MDCK cell separation method for influenza viruses

, purpose
MDCK cell separation method of influenza virus is the key technology of influenza experiment, which is used for the separation,
culture
. This SOP is designed to ensure the accuracy, specification and reliability of the operation of MDCK cells to isolate influenza viruses.
, the range
suitable for all laboratory technicians to carry out MDCK cell separation of influenza viruses.
III, Procedure
(i) Biosecurity Requirements
H5, H7 subtype highly pathogenic avian influenza virus, H2N2 subtype influenza virus MDCK cell isolation laboratory biosecurity level: BSL-3. The experimental operator is required to carry out BSL-3 protection, as detailed in
Biosecurity
SOP. H5, H7 subtype of highly pathogenic avian influenza virus, H2N2 subtype influenza virus MDCK cell separation operation must be carried out in the BSL-3 level laboratory
biosecurity cabinet
.
level of MDCK cell isolation laboratory biosecurity for the remaining influenza viruses: BSL-2. The experimental operator is required to carry out BSL-2 protection, as detailed in biosecurity personal protection SOP. The MDCK cell separation of the remaining influenza viruses must be performed in the biosecurity cabinet of the BSL-2 laboratory.
(ii) material
1, 75% to 90% of the pieces of MDCK cells, choose a suitable size
cell culture
bottles and cell culture plate to do virus isolation
2, pancrease (cow pancreas source VIII.type)
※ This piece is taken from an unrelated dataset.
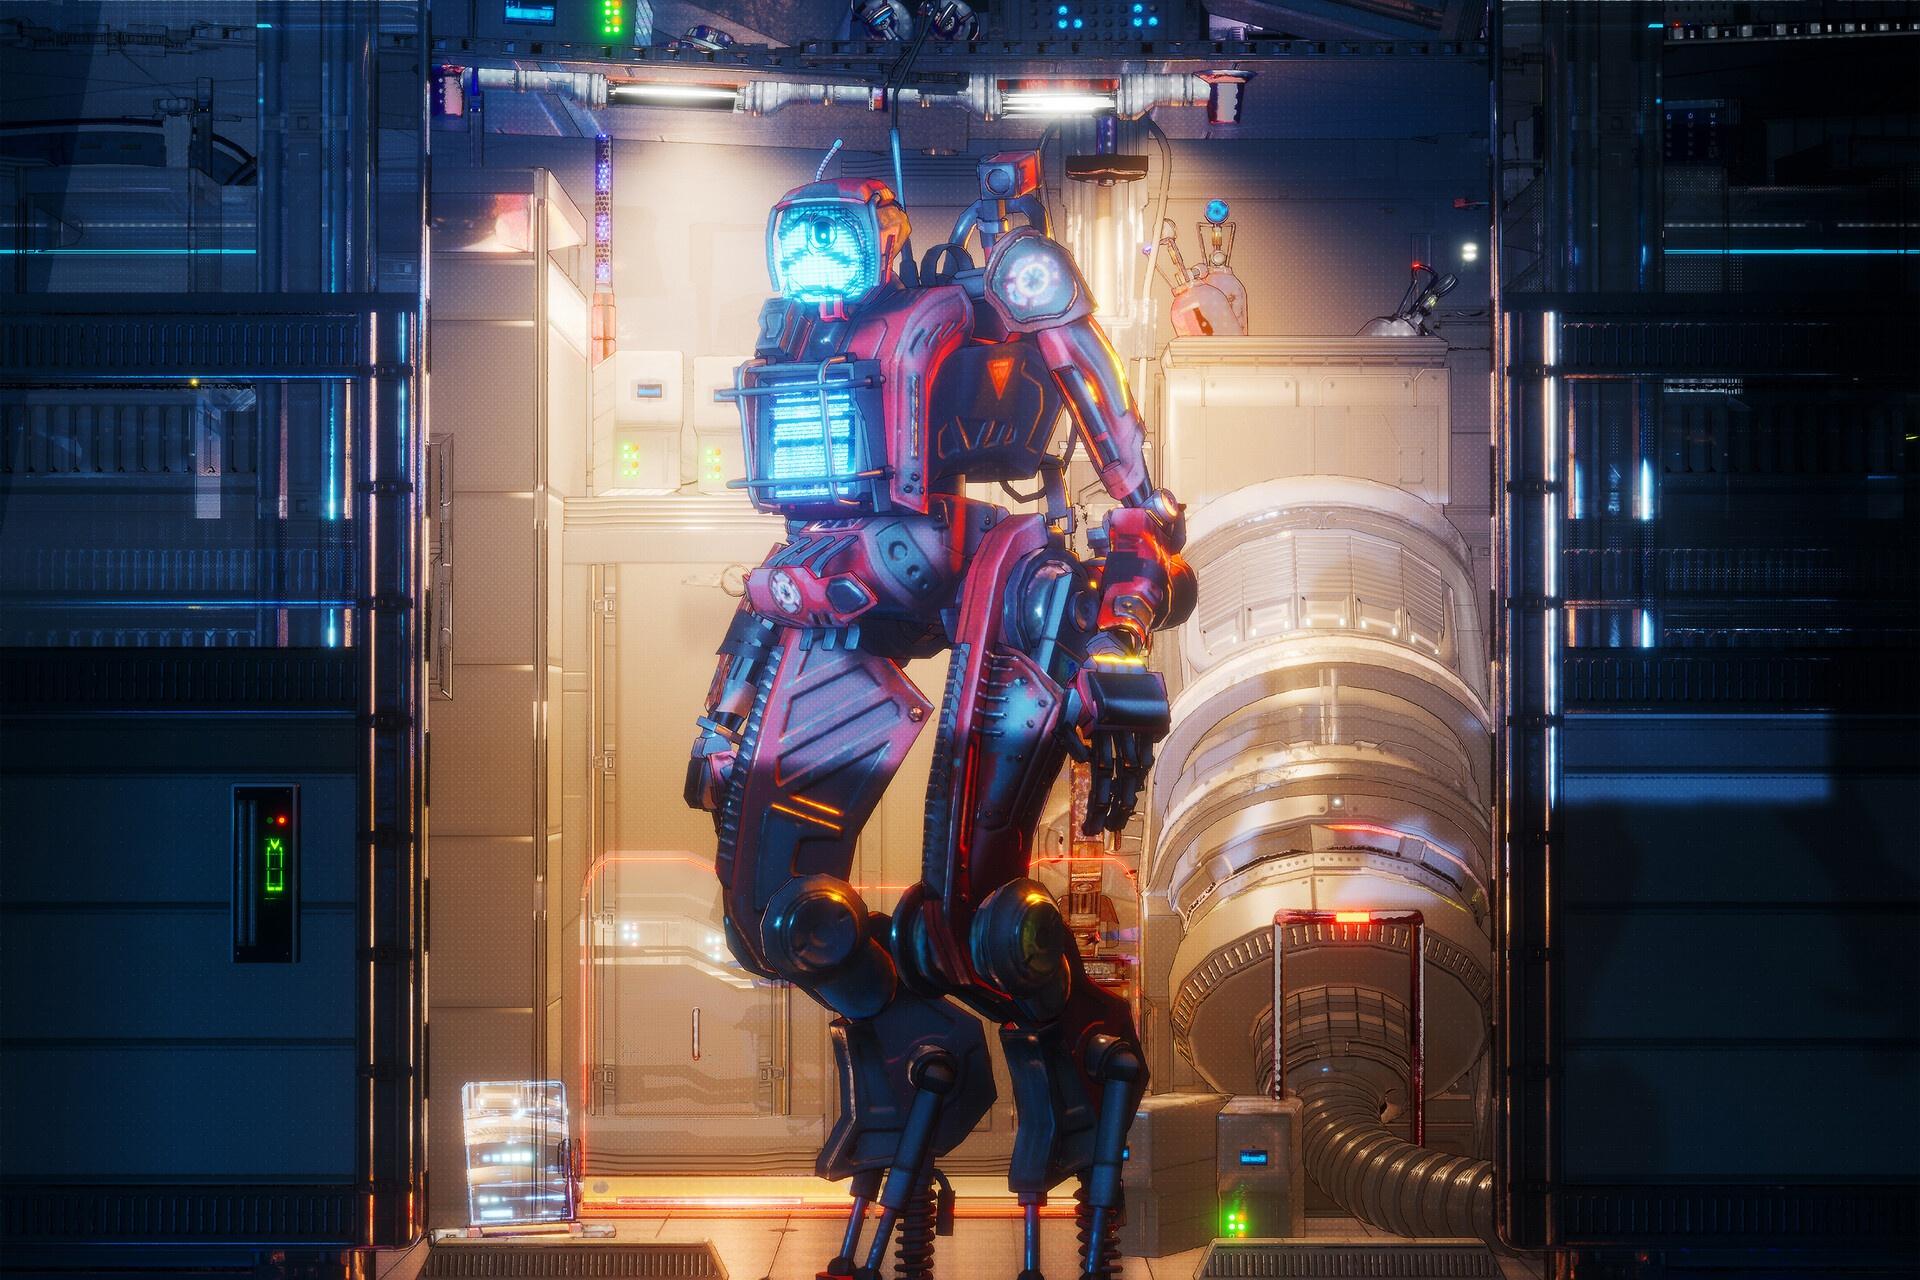 General 1920x1280 science fiction machine robot digital art Apex Legends Pathfinder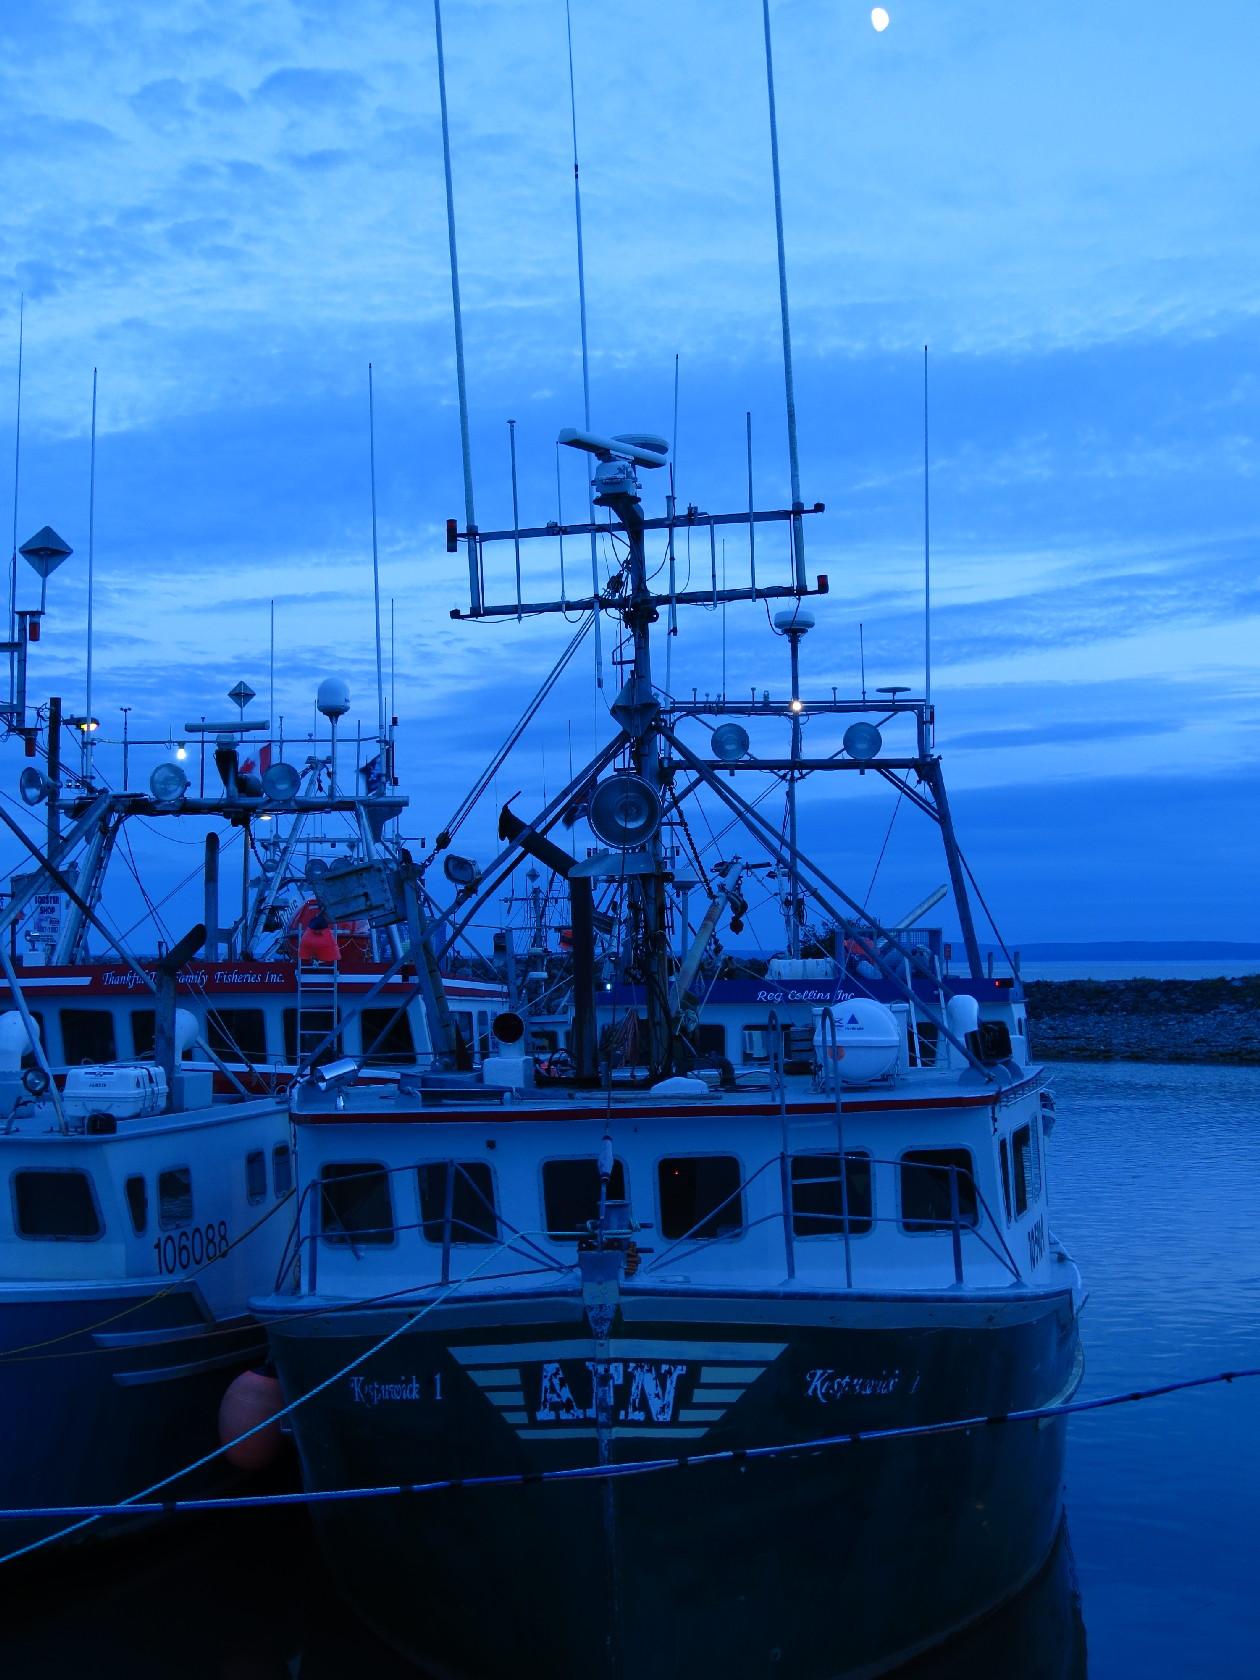 Lobster boats risen as tide comes in, Alma

3, HEPES buffer, 1M mother liquid
4, D-MEM
culture base
, Hank's liquid
5, blue, streptomycin master solution (10000U/mL penicillin G;1 10000 mg/mL streptomycin
6, bovine
serum
albumin part V., 7.5% solution
7, clinical sample 0.5mL
8, 1mL sterile pipet
9, 10mL sterile pipe
10, 15mL sterile
centrifugal tube
(iii) experimental step
1, preparation of viral growth fluid
(1) cell maintenance fluid preparation

(1) blue, streptomycin mother solution 5mL (end concentration up to: 100U/mL penicillin; 100m/mL streptomycin)
(2) bovine serum albumin V.12.5mL (final concentration: 0.2%) in 500mL D-MEM
(3) HEPES buffer 12.5mL (final concentration: 25mM)
(2) viral growth fluid
adds 0.5mL of TPCK-pancrease (mother fluid concentration of 2mg/mL) to the 500mL cell maintenance fluid to bring the final concentration of TPCK-pancrease to 2μg/mL.
2． Influenza virus MDCK cell separation steps:
(1) 75% to 90% of the preparation of tablet cells, to choose T25 cell bottles as an example.
(1) look at cell growth × 40-minute objector.
(2) gently pour out the cell growth fluid, using a 10mL sterile pipet to absorb 6mL Hank's liquid to clean the cells 3 times.
(2) Cell
Culture Bottle
Inoculation
(1) Remove the Hank's liquid cleaning cell from the cell culture bottle using a sterile pipet.
(2) the appropriate amount of clinical specimens were absorbed from sterile pipelets and placed in cell culture bottles, shaking gently several times.
(3) and then put in 37 degrees C, 5% CO2 culture tank adsorption 1 to 2h.
(4) to suck out the inoculation, using a 10mL sterile pipet to absorb 6mL Hank's liquid to clean the cells 2 times. The 6mL virus growth fluid is then added to the cell culture bottle.
(5) is placed in a culture box culture of 33 to 35 degrees C.
(6) daily observation of cell lesions. (Cell lesions are characterized by cell swelling rounding, increased cell gap, cell nucleation or rupture, and partial or total cell shedding in severe cases.)
(3) Harvest of cell culture
when 75% to 100% of cells become lesions, before harvesting can be put in the refrigerator at -70 degrees C, frozen and melted 1 to 2 times, to improve the viral titration of the harvest specimen. Even cell-free lesions should be harvested on the 7th day after vaccination. When harvesting the viral fluid, gently shake the cell bottle several times, and then use a 10mL sterile pipe to absorb the virus liquid placed in a 15mL sterile centrifuge tube, mixing the virus. The harvested viral fluid can be tested immediately or frozen in a refrigerator at -80 degrees C for later testing.